# In Letter, Uber Said Drivers Didn't Make Advertised Earnings Due to Their 'Choices'



## njn (Jan 23, 2016)

https://gizmodo.com/in-letter-uber-said-drivers-didnt-make-advertised-earn-1820928444

In Letter, Uber Said Drivers Didn't Make Advertised Earnings Due to Their 'Choices'

In January, Uber settled claims by the Federal Trade Commission (FTC) that it misled drivers about how much money they could make on the platform. But in a letter obtained by Gizmodo under the Freedom of Information Act, Uber argued that drivers were fundamentally at fault for earning less than the advertised rates because they were choosing not to drive enough.

The FTC accused Uber of making "false, misleading, or unsubstantiated claims regarding driver earnings" on its website and in ads on Craigslist, in an investigation that began in spring 2015. The company had claimed, for example, that drivers in New York earned a median $90,000 annually and that drivers in San Francisco earned a median $74,000 per year. The FTC investigation found that less than ten percent of drivers in those cities earned the advertised rates, according to the agency's complaint. In fact, New York drivers' earnings were closer to $61,000 and San Francisco drivers' earnings were closer to $53,000, the FTC found. The FTC also alleged that Uber was misleading about the financing options it could offer drivers. Uber ended up paying $20 million to the FTC to settle the matter, and the FTC said it would refund some of that money to drivers.
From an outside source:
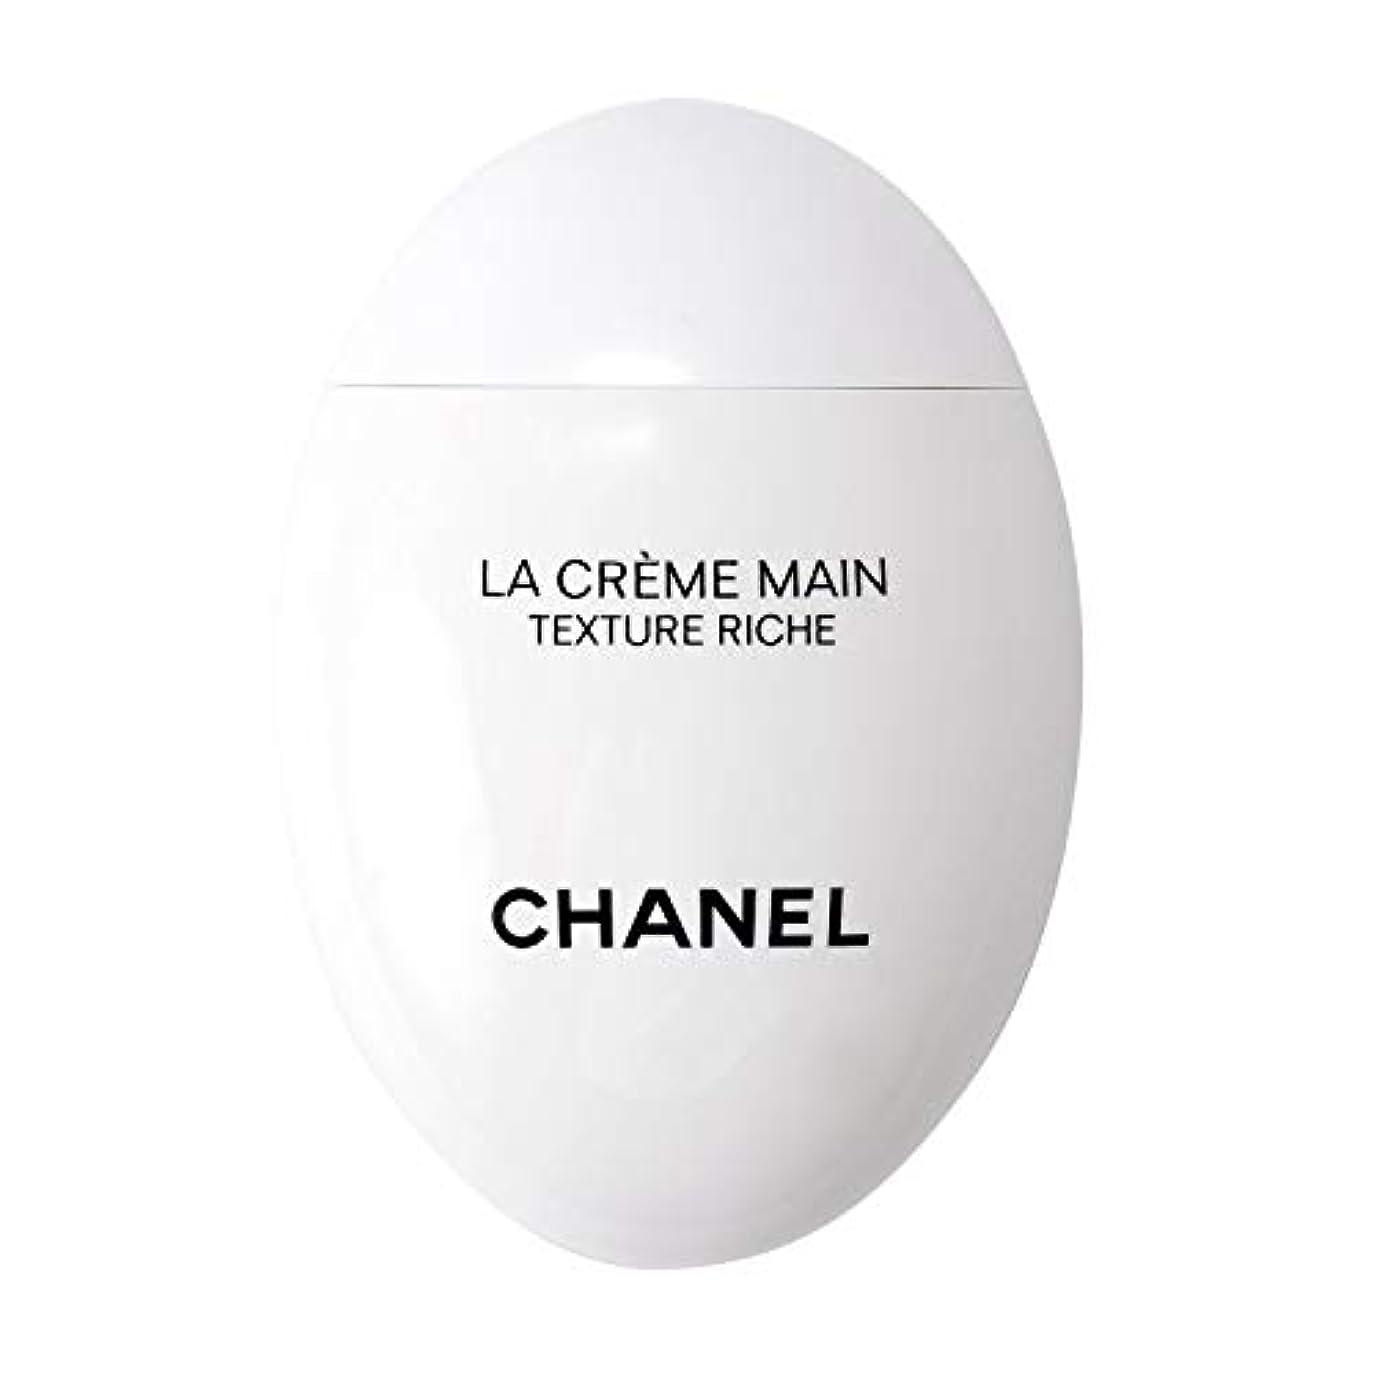 ペルソナキノコ警告する[ギフトラッピング] シャネル CHANEL ハンドクリーム 50ml ラ クレーム マン ショップバッグ付き (50ml)

In the defensive letter sent November 7th, 2016, about two months before the settlement was announced, the company's lawyers disputed the FTC's allegations by claiming that it was absolutely possible for drivers to make the advertised sums and that drivers who made less did so by choice. Uber requested that the letter be kept confidential, and it offers an inside look at the company's perspectives. According to labor activists, the letter reveals Uber's dismal view of its drivers.


----------



## 7Miles (Dec 17, 2014)

Of course I chose to make minimum wage! 
That’s how I roll. 
Some of the drivers here on this website said they live in the car . Once again, they choice - why pay stupid rent if you can enjoy freeeedom !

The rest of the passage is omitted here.